Vision Zero and Better Market Street

In 2014, the push for Better Market Street got a major boost when the City, after much advocating by people and organizations, adopted a Vision Zero plan, which put Market front and center as one of the most dangerous and yet iconic streets in San Francisco. “Safer Market Street” was highlighted as one of 24 projects SFMTA aimed to implement in as many months.

The plan aimed to reduce conflicts between drivers and other modes by expanding the successful turn restrictions that had been piloted several years earlier to a number of other intersections along the way and by expanding the transit-only lanes to help get car traffic out of the way of buses.

Though improvements had been made, Market Street remained a dangerous place for people outside of cars. In 2016, Thu Phan, a wheelchair user, was crossing the street at 7th and Mission when a car driver, turning left, hit and killed her. It was a devastating reminder of just how dangerous Market Street remained.

“While the recent changes to Market Street are important first steps in making San Francisco’s streets safer, they do not go far enough, especially to protect people who are most at risk, including seniors and people with disabilities,” Walk SF Executive Director at the time, Nicole Ferrara, pointed out in a joint press release with Senior and Disability Action.“Thu Phan’s tragic death could have been prevented, if stronger safety measures were in place.”

Walk SF, joining forces with Senior and Disability Action, Independent Living Resource Center, and the Mayor’s Office on Disability then successfully advocated for “five-point plan” to improve safety for vulnerable road users, which included “leading pedestrian intervals” that give people walking a safe head start to cross the street before vehicles get the green light.

It remained clear, however, that for Market Street to be safe, cars needed to go. So advocates continued to organize and push for approval of a plan that would not only add separated bike lanes, safer crossings, and better sidewalks, but would also prohibit private cars altogether.

The grassroots movement that has coalesced around getting cars off Market Street was on full display last October ahead of the unanimous vote by the County Board of Supervisors to ban private cars from the street.

Even so, the removal of private cars from Market Street is just another incremental step toward improving the thoroughfare, which will get physically protected bike lanes and other infrastructure improvements in the near future.

And, now, amidst the excitement and fanfare of a car-free Market Street, there is talk about which street this once-absurd idea might come to next, such as JFK Drive in Golden Gate Park. According to the City’s Vision Zero plan, 75 percent of severe and fatal crashes occur on only 13 percent of San Francisco’s streets.

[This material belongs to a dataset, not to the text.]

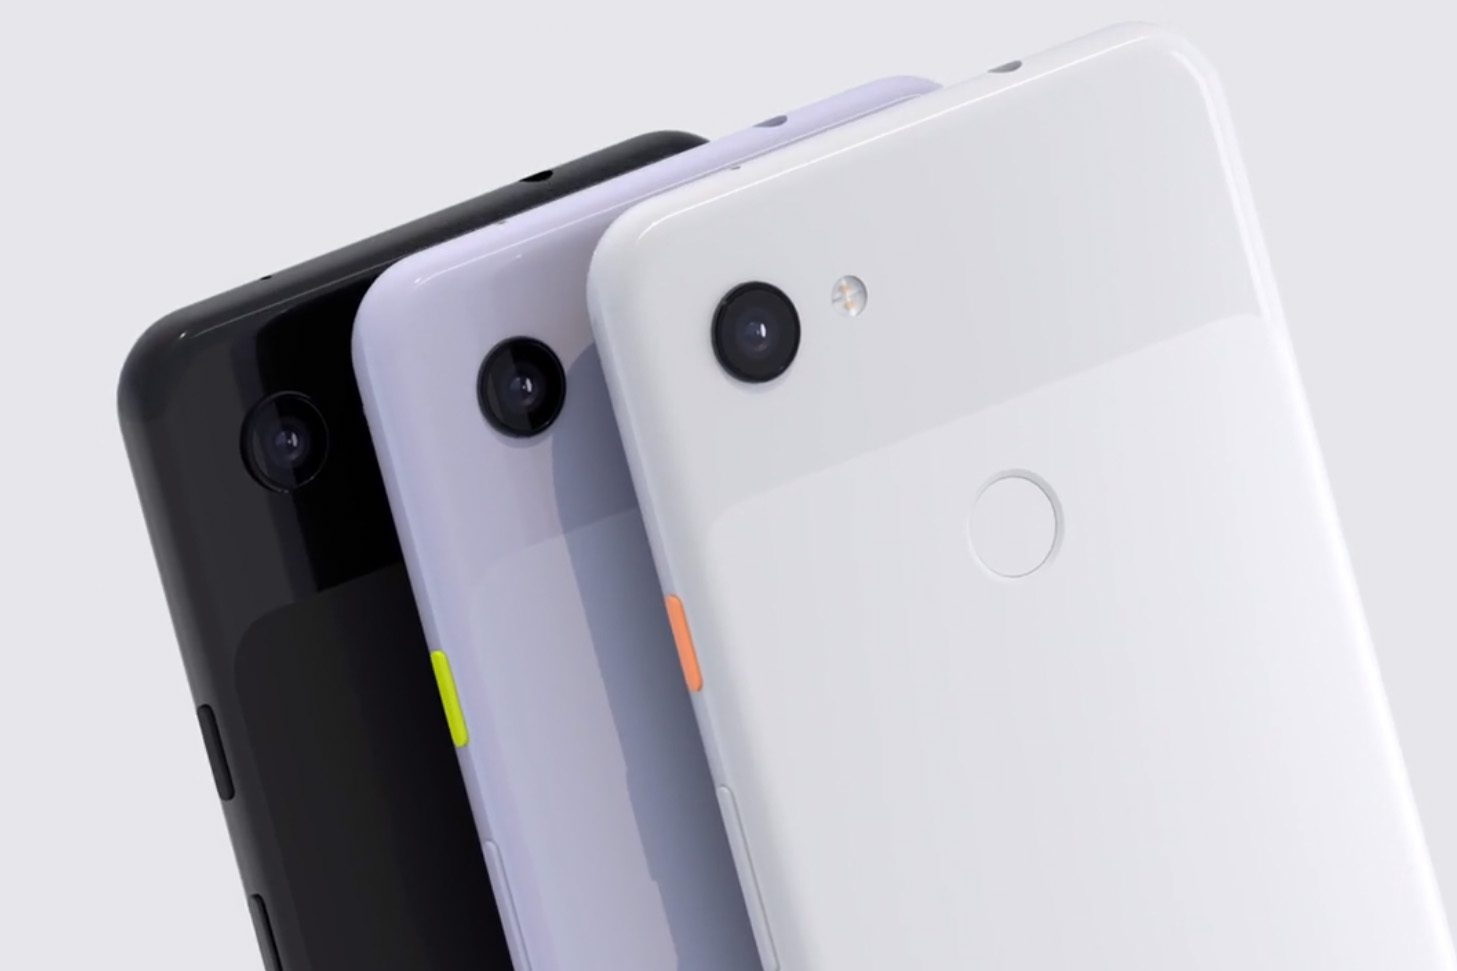 O Pixel 3a é um tipo completamente novo de telefone Android econômico

And, the majority of those streets are in communities of concern where people are more likely to be dependent on non-car modes of transportation.

Supporting the Advocates Who Make This Happen

If you want to know more about the organizations fighting for safer streets in San Francisco, look at the Vision Zero coalition, which has some 40 community-based organizations, and the Vision Zero task force.

Also, don’t forget to support organizations like Walk SF and the SF Bicycle Coalition as it takes time and resources — and many volunteer hours — to advocate for safer streets for all.

While we are celebrating the hard work of the groups and the people who made Better Market Street happen, at Spin we are also thinking about how we can help advocate on the ground in other communities win their fights for safer streets in their neighborhoods. It is the people who walk, roll, or take transit on their streets that know best what needs to be done to make them safer. That’s the assumption behind our Spin Streets program in general and specifically, our Mobility Data for Safer Streets initiative: one of the best ways we can help change streets for the better is to put the tools in the hands of the people on the ground doing the work to make their communities safer and more sustainable.

That data can help move the conversation. It certainly did during the decade-long push to get cars off of Market Street. Hopefully this marks the beginning of a paradigm shift in San Francisco, one that started with the need to fill potholes on the city’s most-traveled street.